RAW DATA »
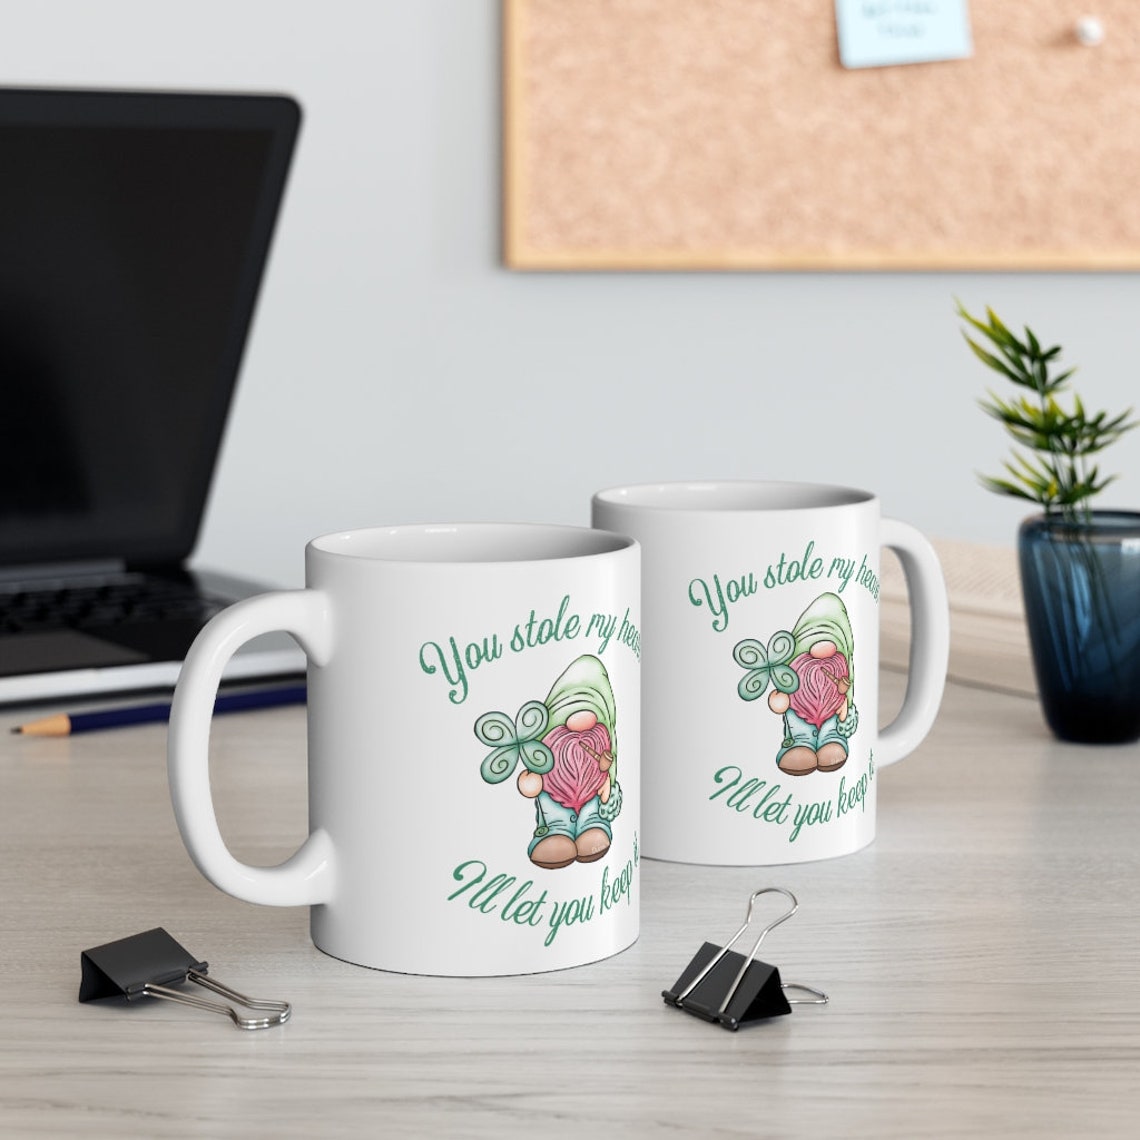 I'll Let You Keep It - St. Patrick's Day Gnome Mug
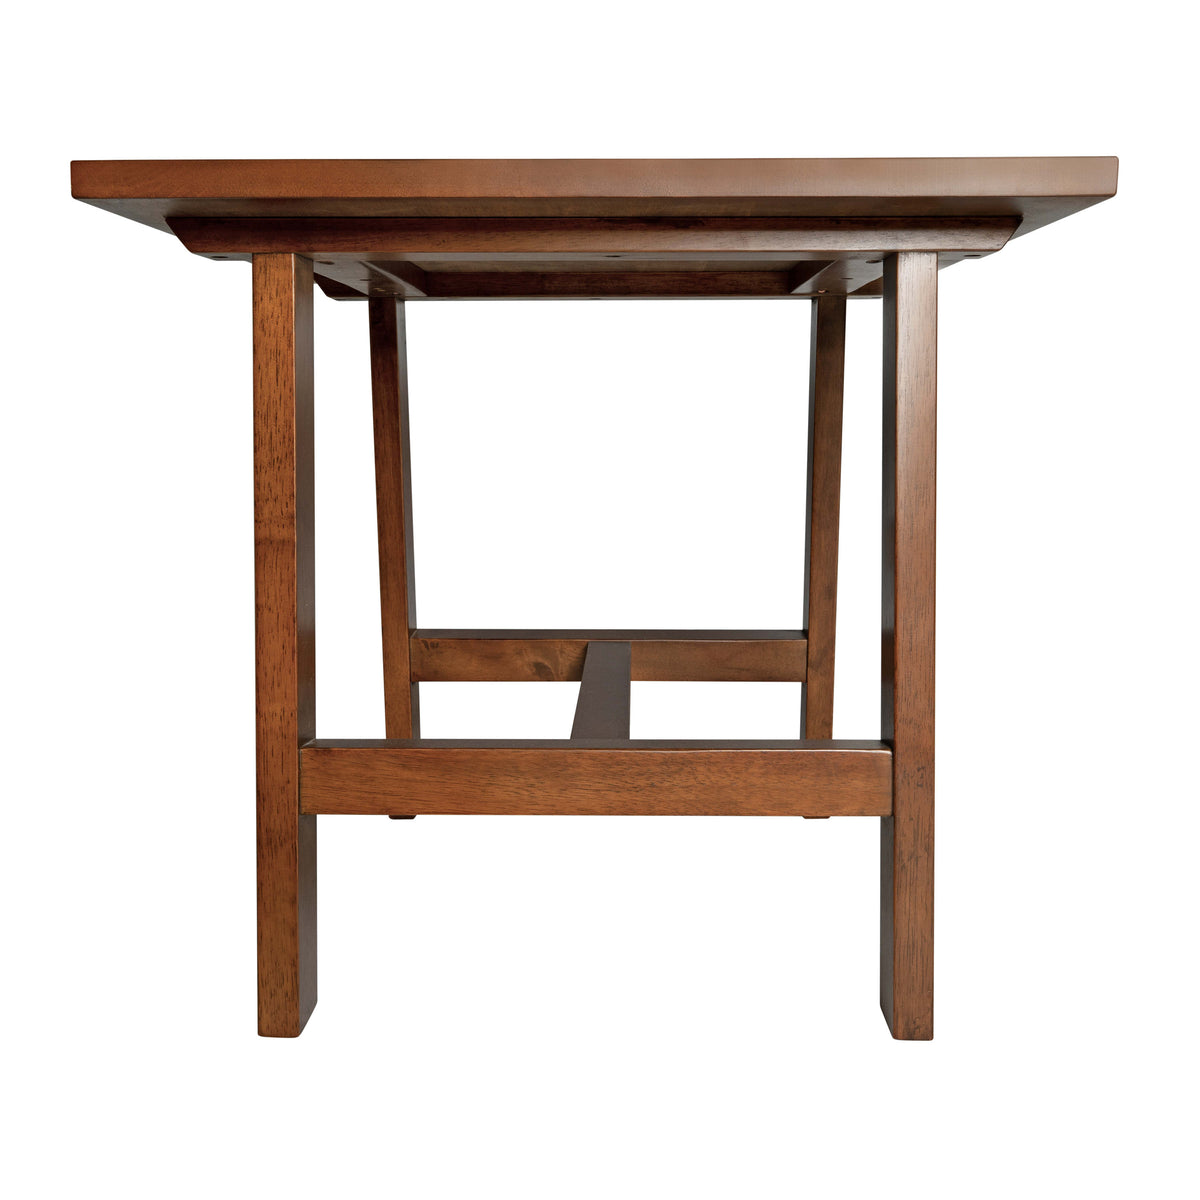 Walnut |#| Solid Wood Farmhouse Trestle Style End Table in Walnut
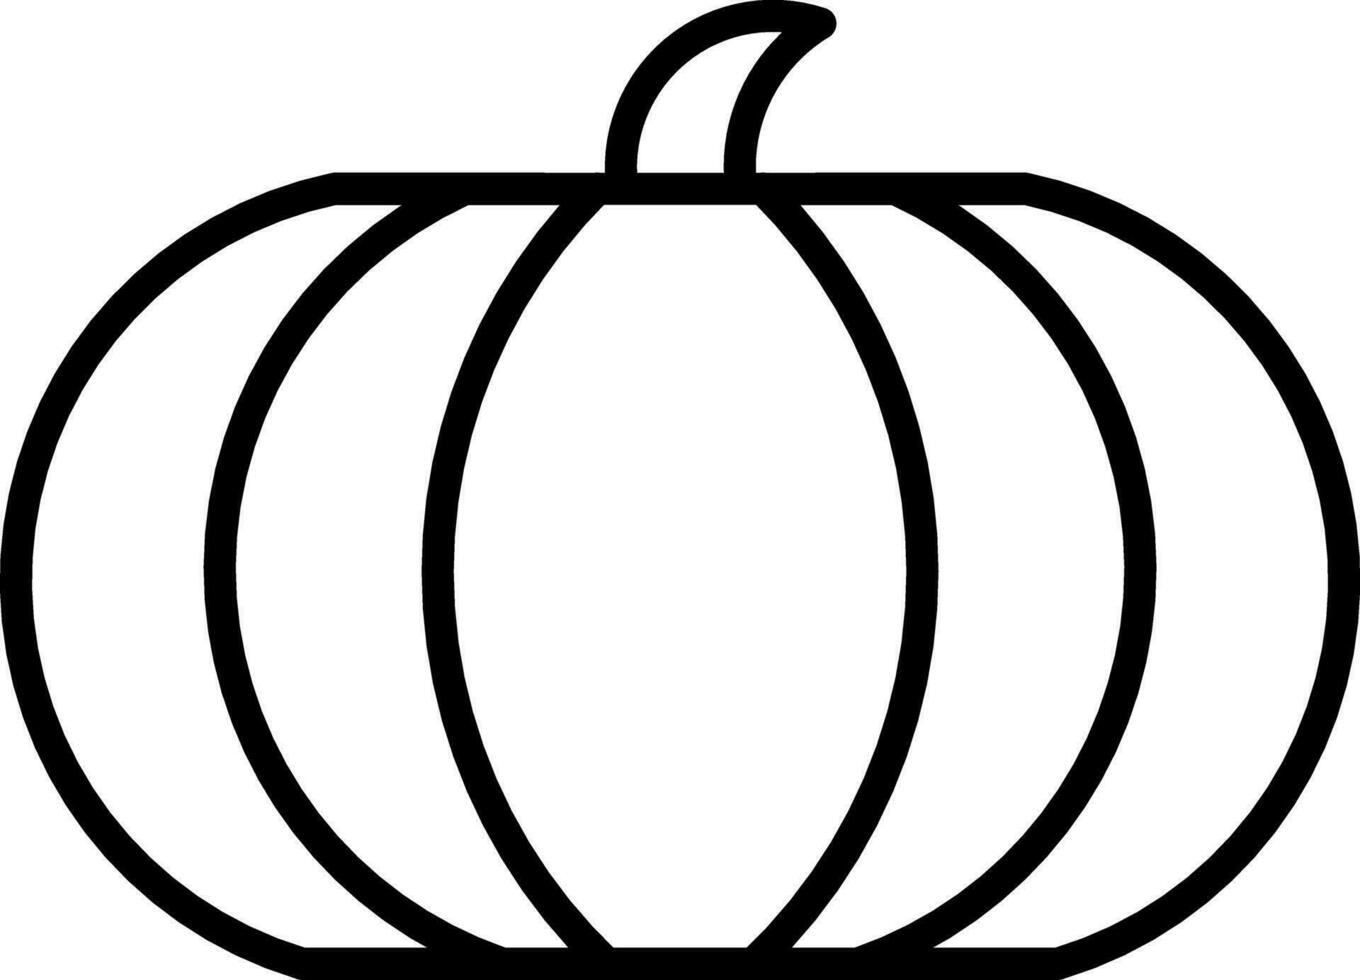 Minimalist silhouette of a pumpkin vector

EXERCISE DETAILS » Write out exactly, and only, the lines running from the line with "Walnut |#| Solid" to the last line above, both included, with all pictures omitted.

ANSWER FOR THE TASK »
 Walnut |#| Solid Wood Farmhouse Trestle Style End Table in Walnut
 Minimalist silhouette of a pumpkin vector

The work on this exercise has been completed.